PROBLEM STATEMENT: Pictures must not be copied, but every entry must be reproduced exactly.

RECORDS FOR THE TASK:

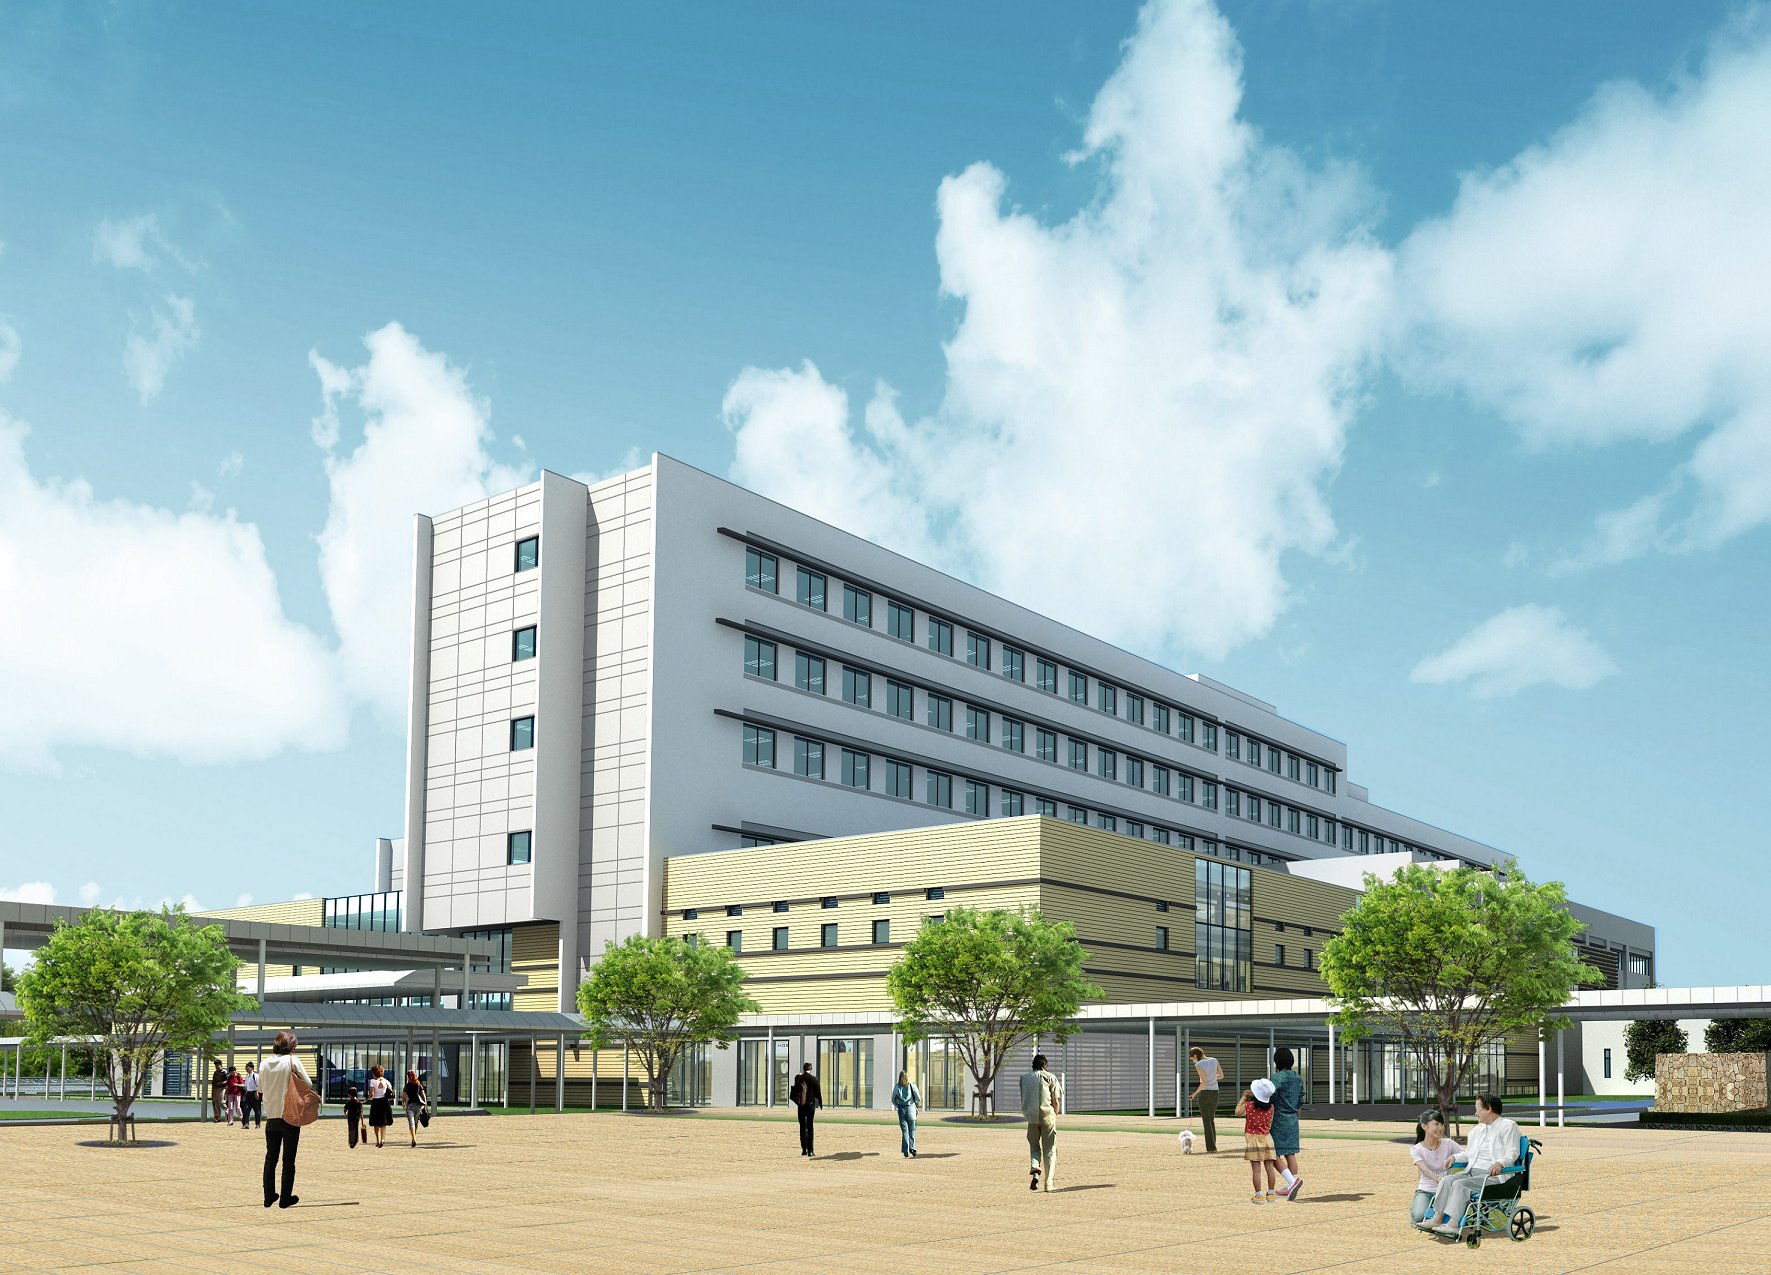 瀬戸の都・高松 on Twitter "【「高松市立みんなの病院」は、今年9月頃の開院を予定！】 高松市民病院と香川診療所を移転統合する
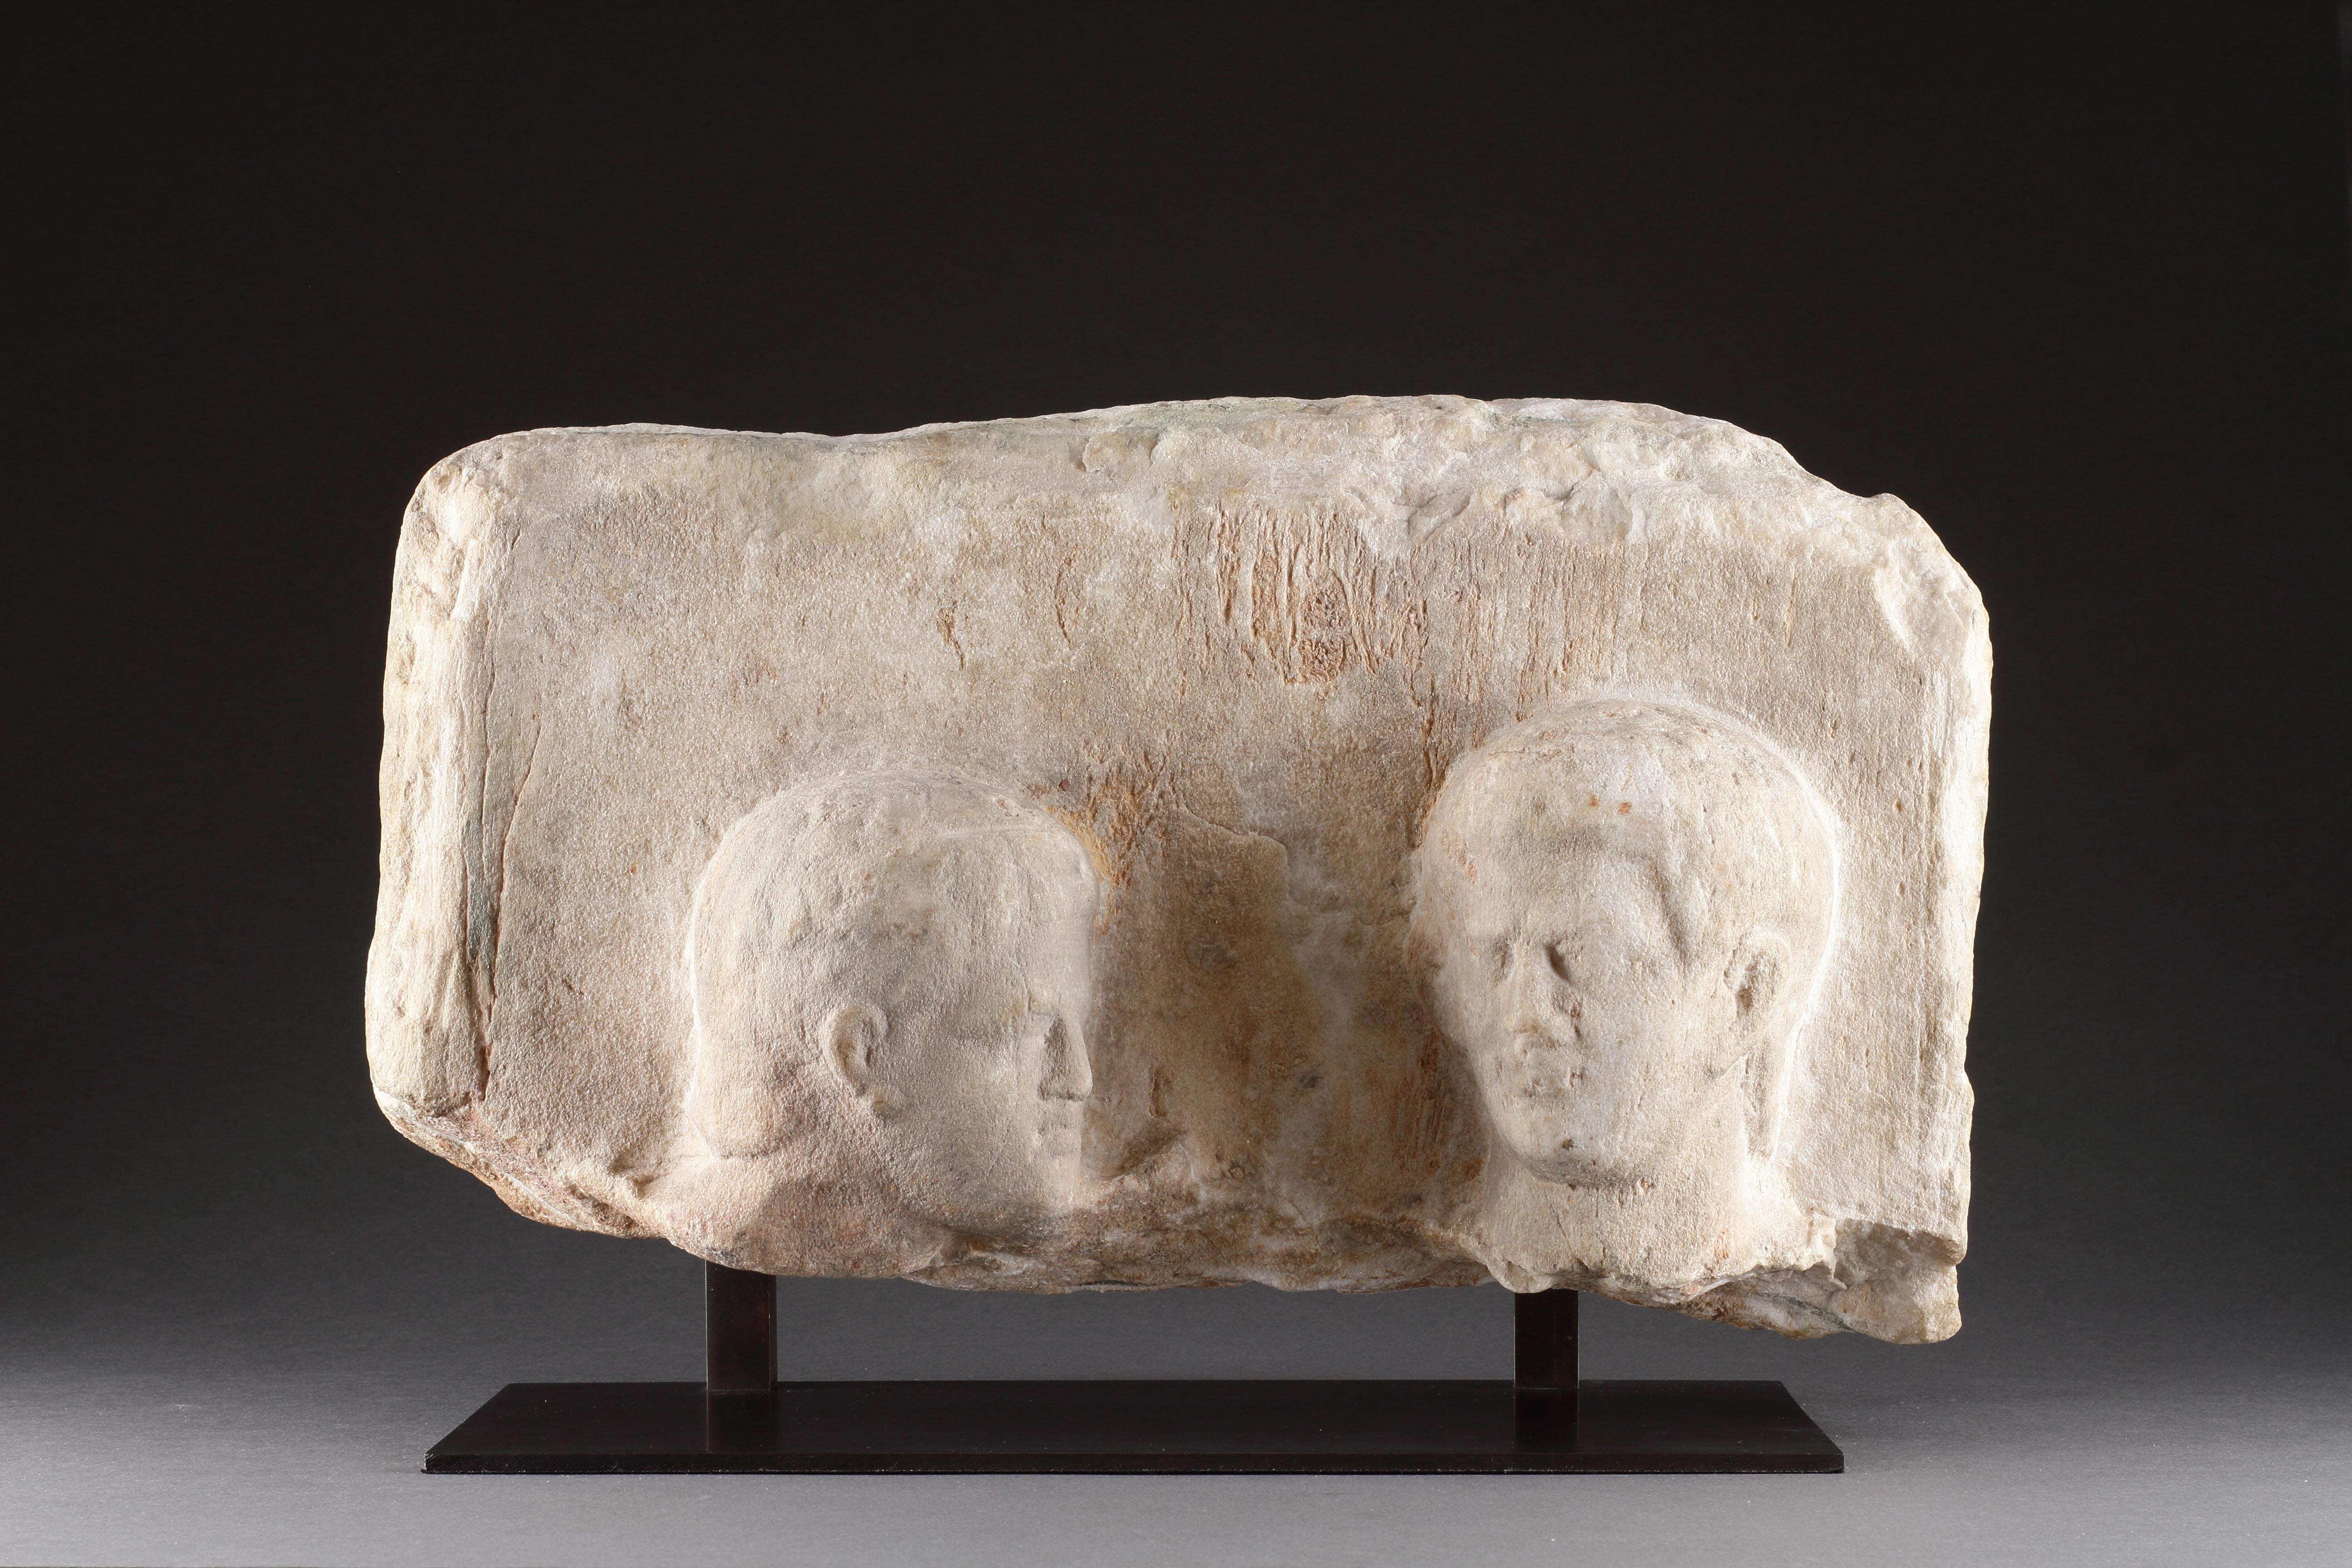 Stèle funéraire hellénistique en haut-relief avec deux têtes d'hommes 
Marbre 
Grec hellénistique 
Vers le 2e siècle avant J.-C.

Taille : 20,5 cm de haut, 38 cm de large, 11 cm de profondeur - 8 ins de haut, 15 ins de large, 4¼ ins de profondeur /
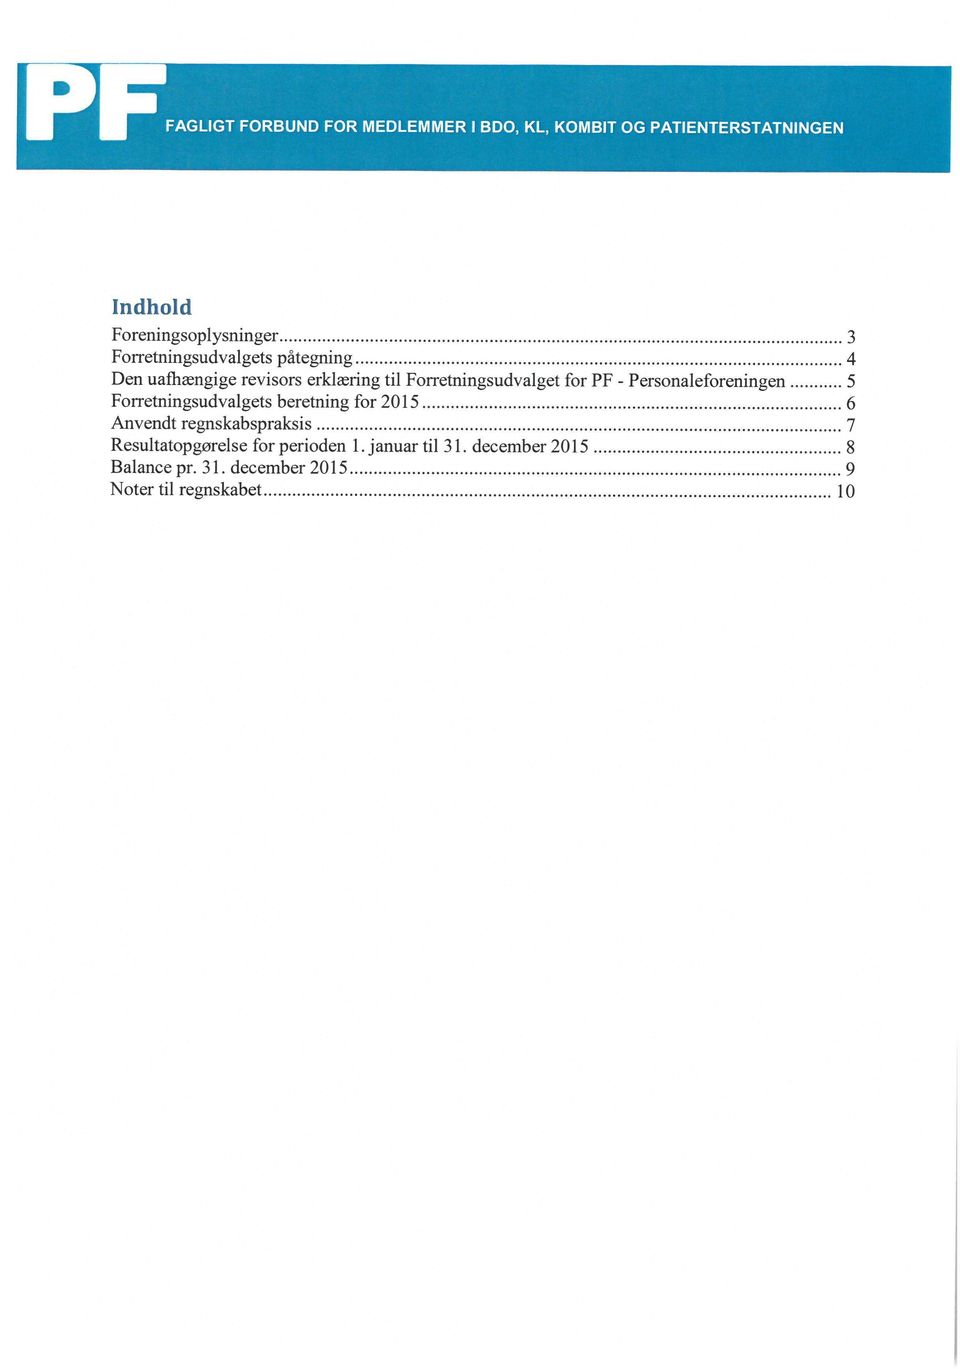 Personaleforeningen 5 Forretningsudvalgets beretning for 2015 6 Anvendt regnskabspraksis 7

RESPONSE TO THIS TASK:
 瀬戸の都・高松 on Twitter "【「高松市立みんなの病院」は、今年9月頃の開院を予定！】 高松市民病院と香川診療所を移転統合する
 Stèle funéraire hellénistique en haut-relief avec deux têtes d'hommes 
Marbre 
Grec hellénistique 
Vers le 2e siècle avant J.-C.

Taille : 20,5 cm de haut, 38 cm de large, 11 cm de profondeur - 8 ins de haut, 15 ins de large, 4¼ ins de profondeur /
 Personaleforeningen 5 Forretningsudvalgets beretning for 2015 6 Anvendt regnskabspraksis 7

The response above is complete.